Harbinson considers this unacceptable for several reasons, such as:

  • None of the difficult issues, such as egregious agricultural subsidies and tariff peaks would be made easier by starting anew.
  • Further distortions of trade due to myriad preferential trade agreements and the misuse of other loopholes in rules for protectionist purposes would be unchecked;
  • The erosion of the WTO’s credibility would extend to its valuable surveillance and dispute settlement functions.

Looking ahead, Harbinson examines the self-imposed constraint of reaching a single undertaking to resolve a very large range of issues, listing some of the reasons for pursuing that difficult aim. It was considered appropriate in 2001 after several years of unsuccessful single-issue negotiations on agriculture and services generated by the Uruguay Round’s built-in agenda. Secondly, there is still no prospect of making significant gains in terms of reducing distortions to agricultural trade, and other issues are made hostage to progress in this sector. Moreover, delinking progress on other matters does not guarantee reaching an outcome which is considered to be ‘balanced’ by negotiators.

On the other hand, agriculture comprises a rapidly shrinking share of global trade. The range of issues which remain to be addressed continues to widen, including the trade policy implications of any international agreement to limit climate change.
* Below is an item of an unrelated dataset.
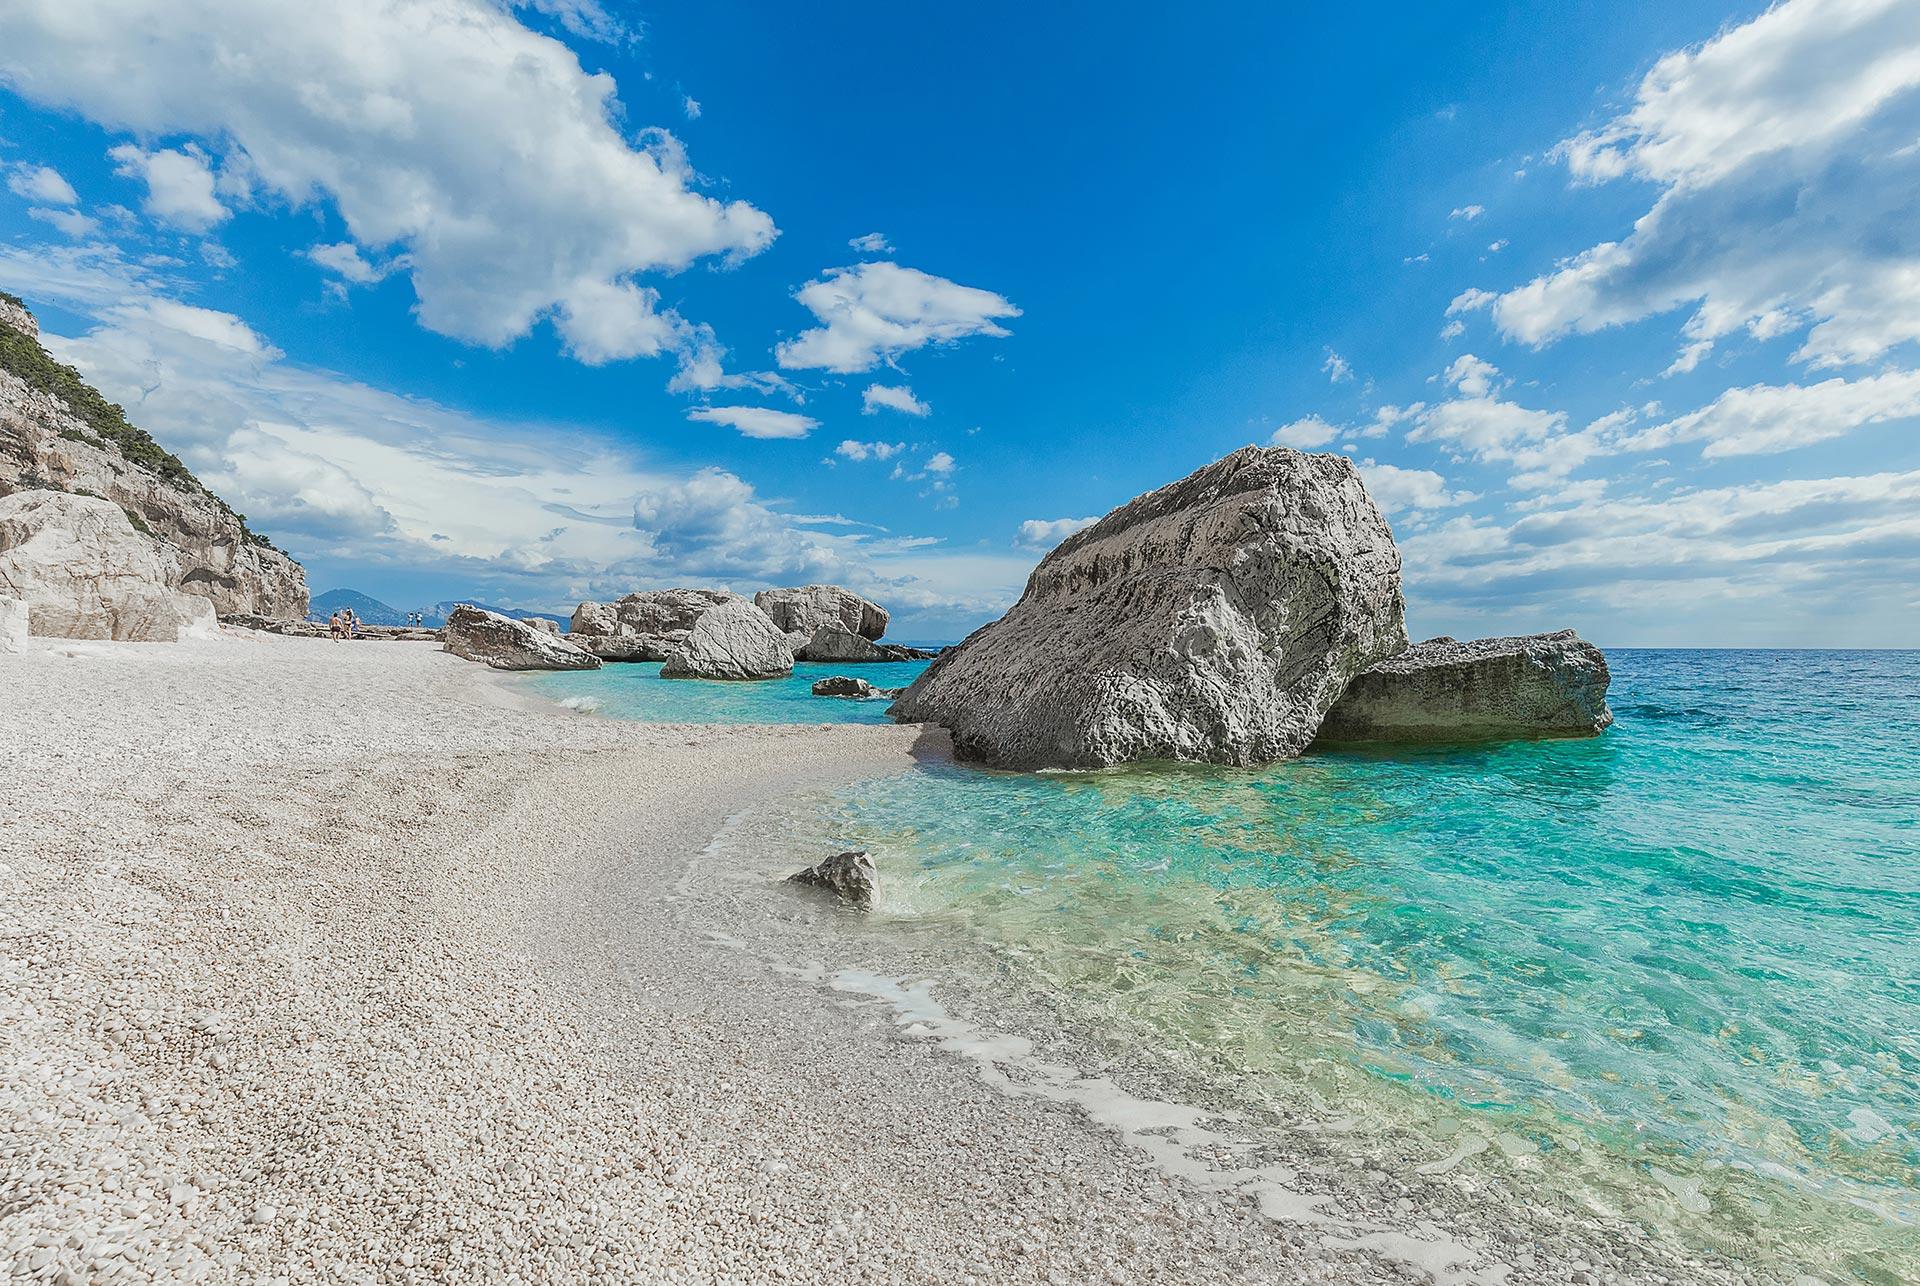 Spiaggia solitaria Cala-Mariolu
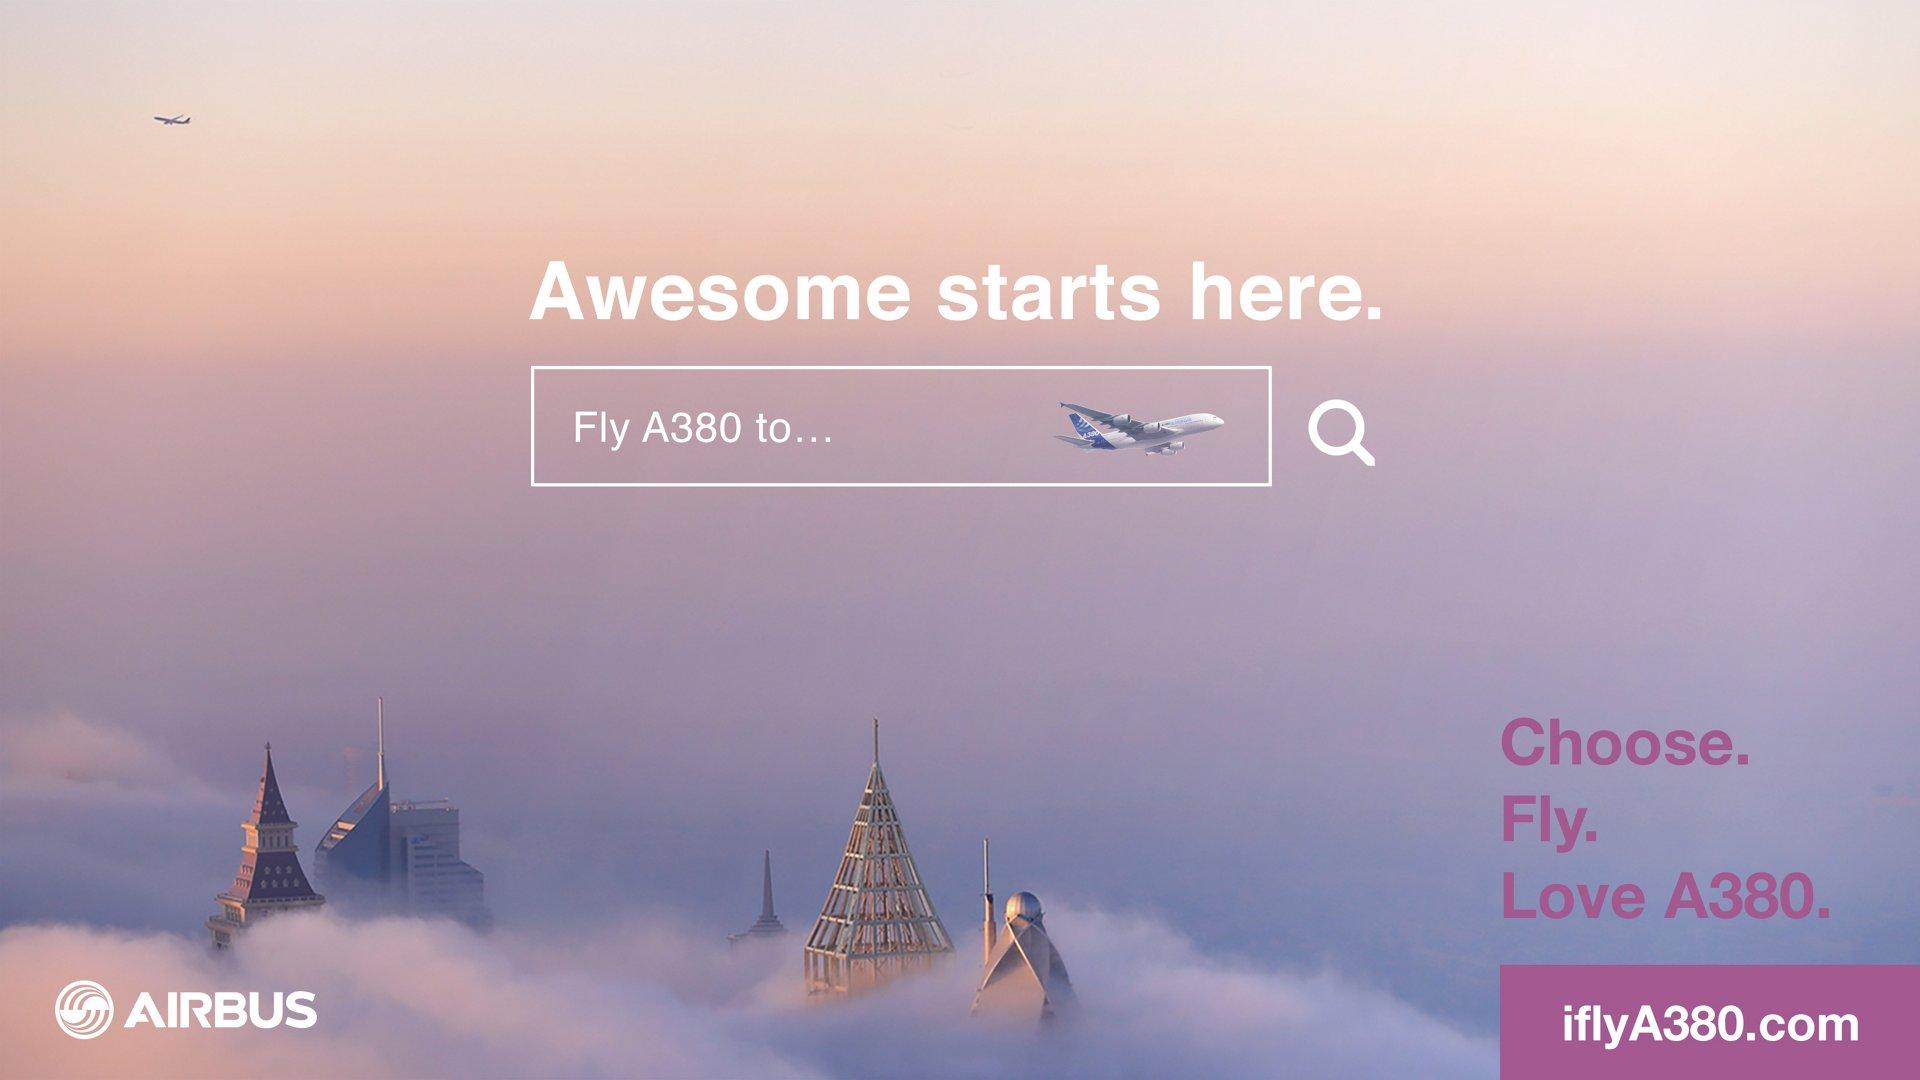 iflyA380.com

It would take many years just to agree on a new agenda which could be expected to lead to an agreed single undertaking. Therefore, on balance, Harbinson argues that ‘The world of international trade may have become too complex for traditional “rounds”. New negotiating paradigms have to be found.’

Considering the potential of ‘variable geometry’ where groups of economies can agree on some arrangements ahead of others, Harbinson warns that the governments with most to gain from progress are most often those who are least able to reach agreement. In practice, many exceptions, exemptions and variable deadlines for various undertakings already create complex ‘variable geometry’.

Harbinson also notes the positive features of ‘critical mass’ type of agreement along the lines of the 1997 Agreement on Information Technology. A welcome feature of that approach is that the results are applied to all on a non-discriminatory basis, provided that the ‘critical mass’ threshold for the issue in question is met.

He suggests the answer might lie an ongoing sequence of permanent, manageable, non-comprehensive negotiations, with subjects linked together less formally than in the current ‘round’ format. In such a ‘repeated game’ environment, outcomes of a successive negotiations on separate issues could provide the prospect of an acceptable balance of perceived long-term gains compared to short-term sacrifices.

The complexity of the challenges facing the WTO could actually be eased by an option that Harbinson does not consider. Harbinson draws attention to the potential value of facilitating trade by reducing the many logistic and administrative problems of moving products across borders and notes that dealing with such matters is a positive-sum game. However, he does not follow up by saying that such trade facilitation need not be negotiated. Moreover, the many opportunities to facilitate trade do not need to be dealt with at the same time – there is no need for package deals when solving positive-sum games.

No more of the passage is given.